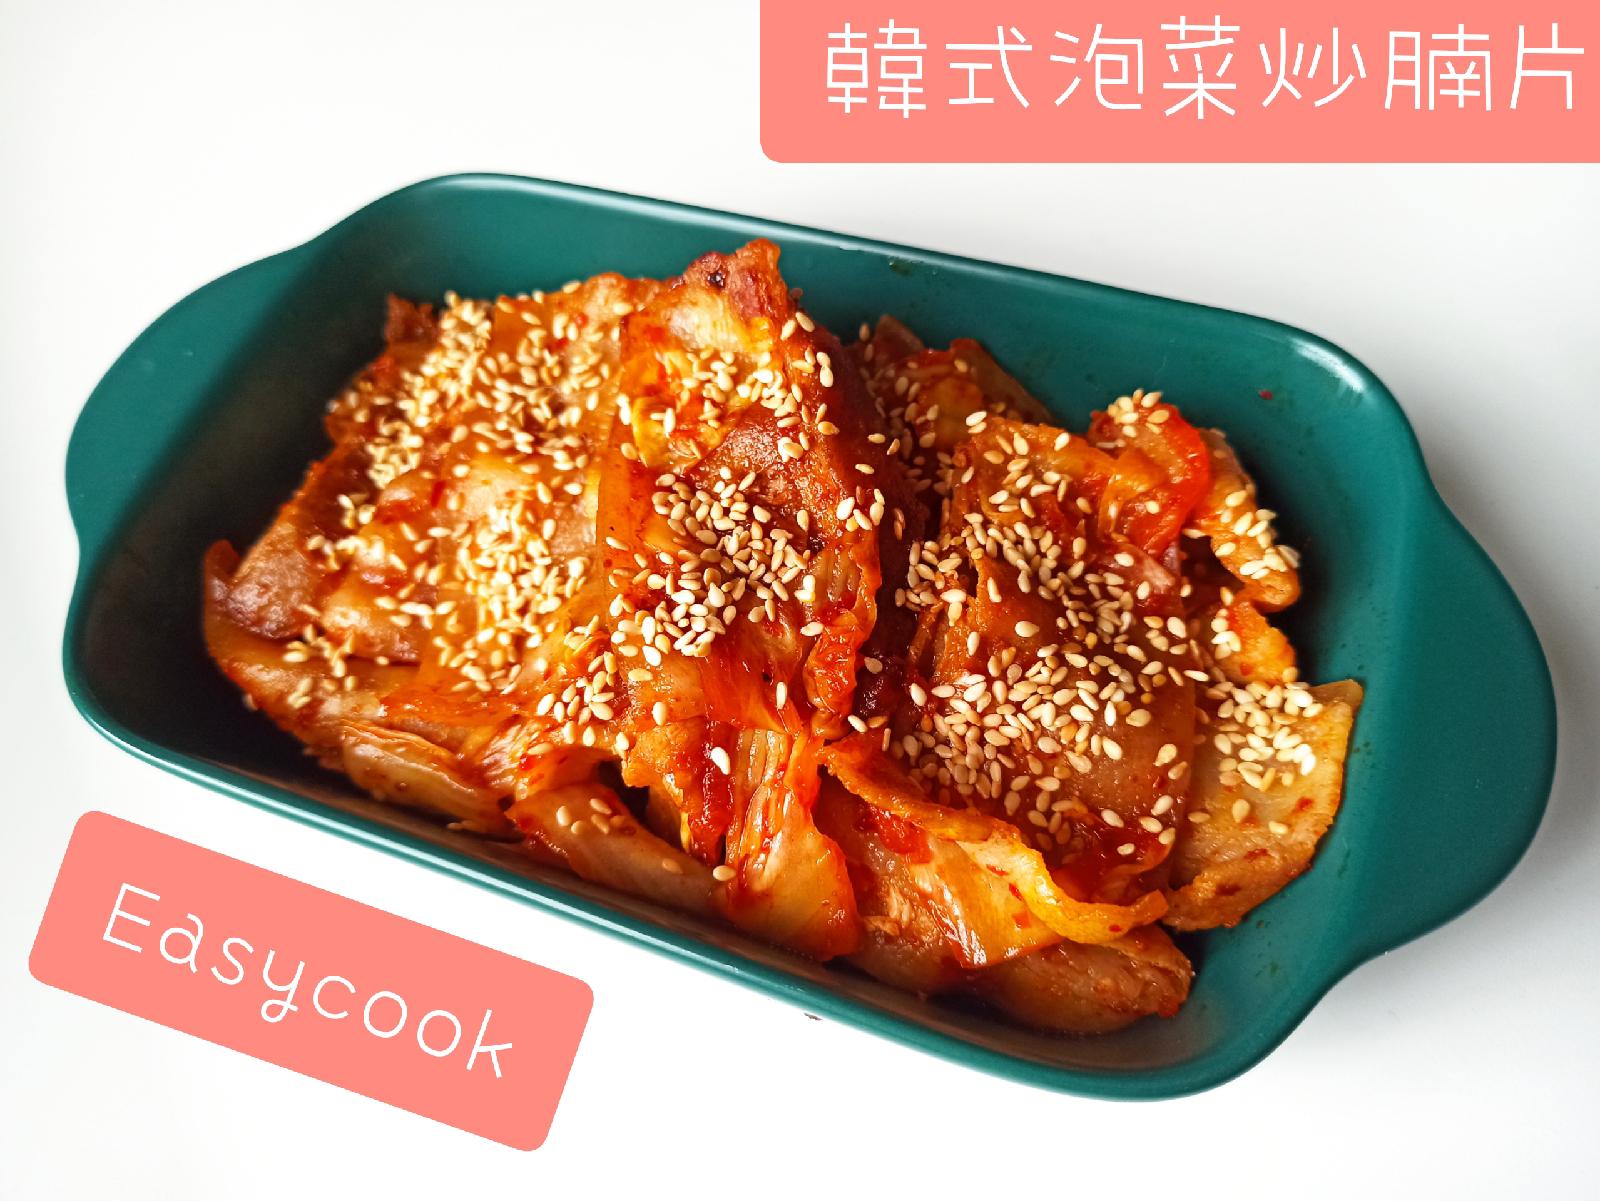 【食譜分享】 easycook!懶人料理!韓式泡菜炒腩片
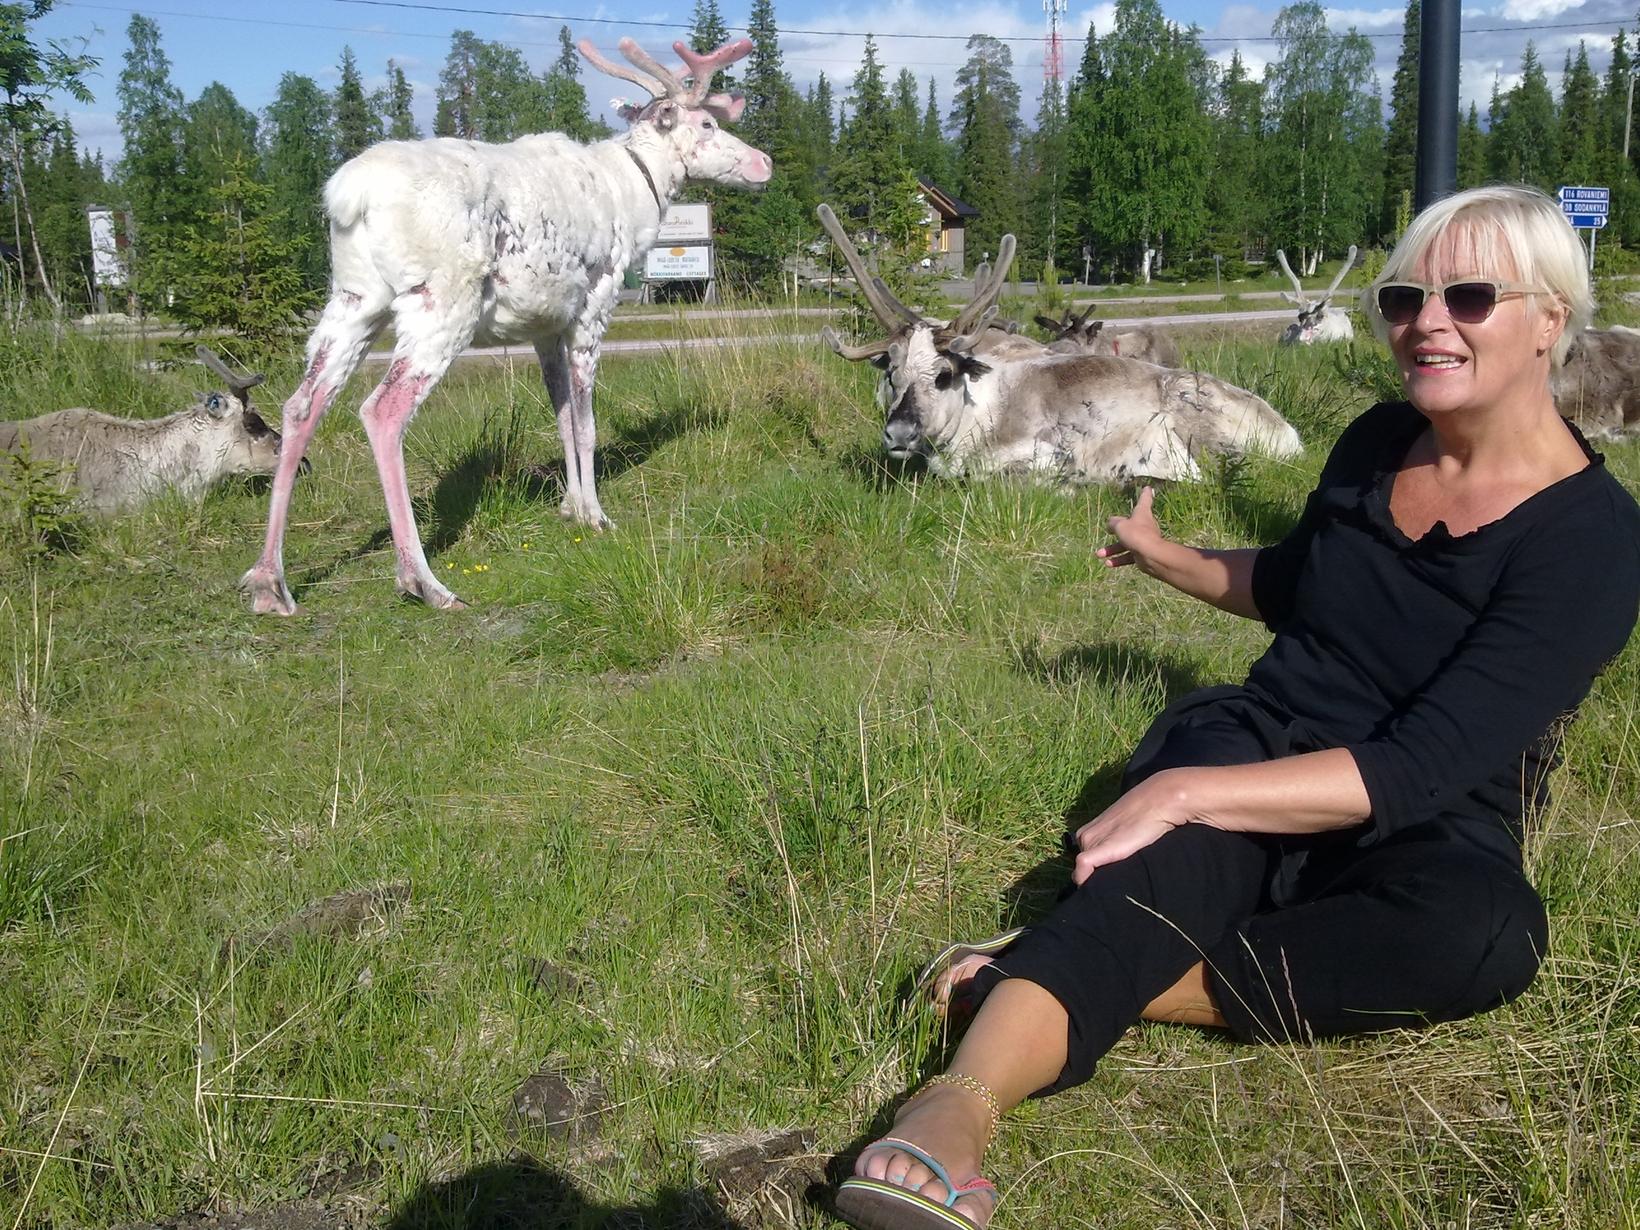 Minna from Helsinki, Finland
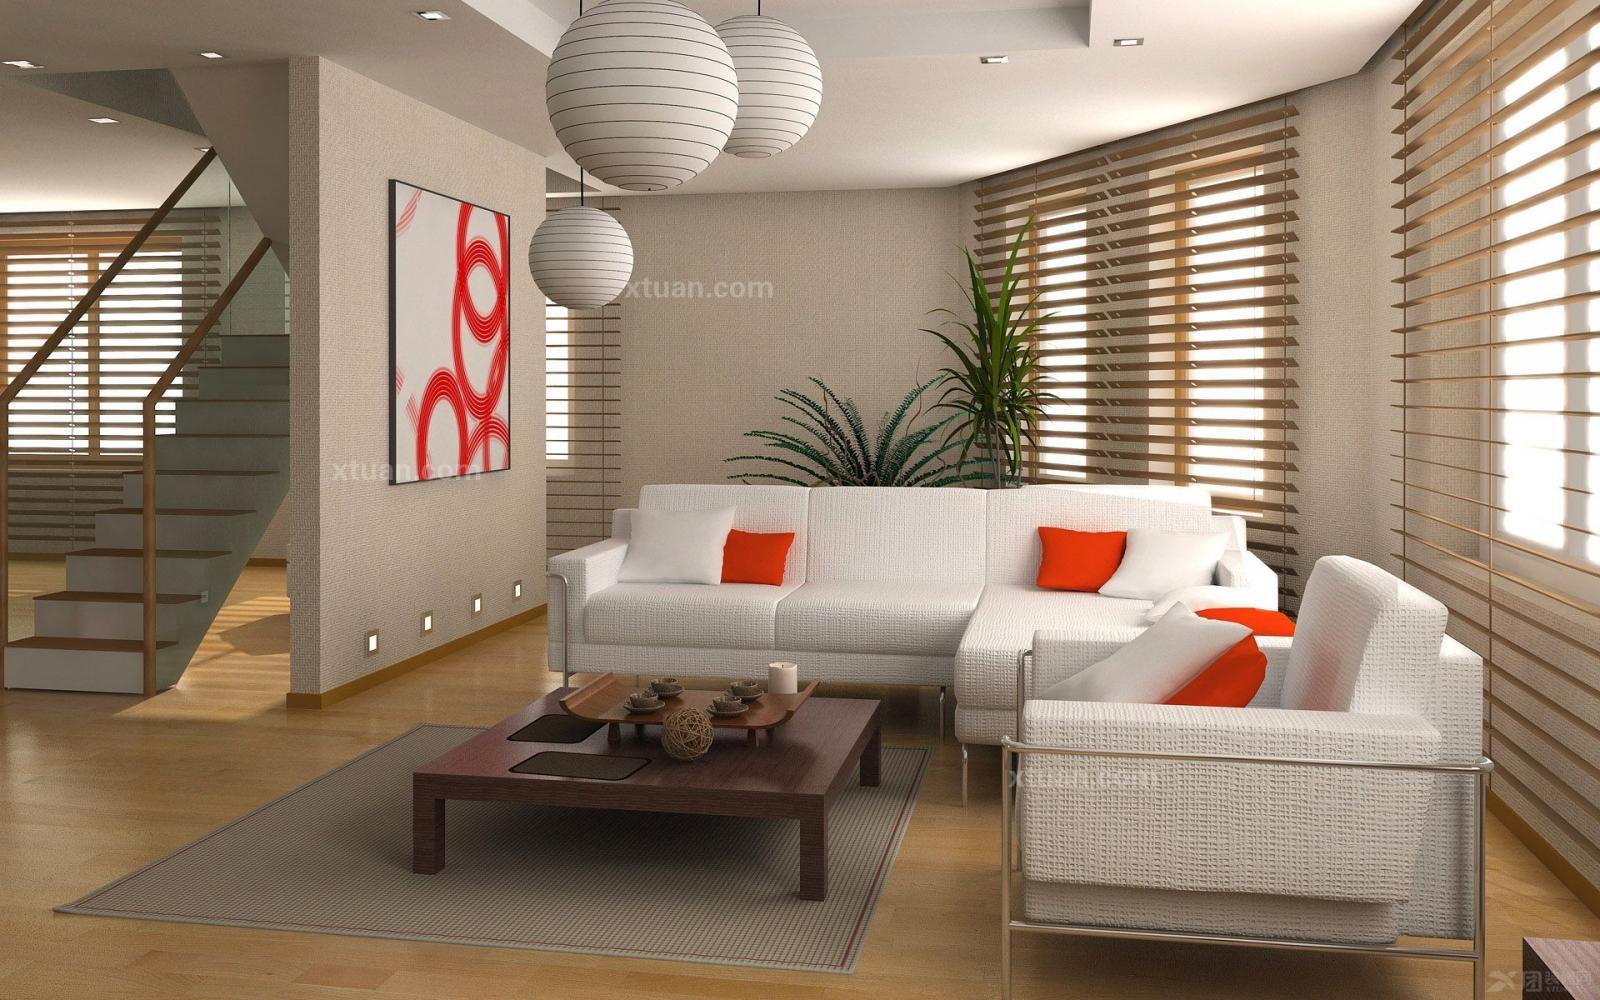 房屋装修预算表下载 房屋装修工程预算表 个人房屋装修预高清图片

================

Your job is to repeat the data exactly, leaving each picture out.

 【食譜分享】 easycook!懶人料理!韓式泡菜炒腩片
 Minna from Helsinki, Finland
 房屋装修预算表下载 房屋装修工程预算表 个人房屋装修预高清图片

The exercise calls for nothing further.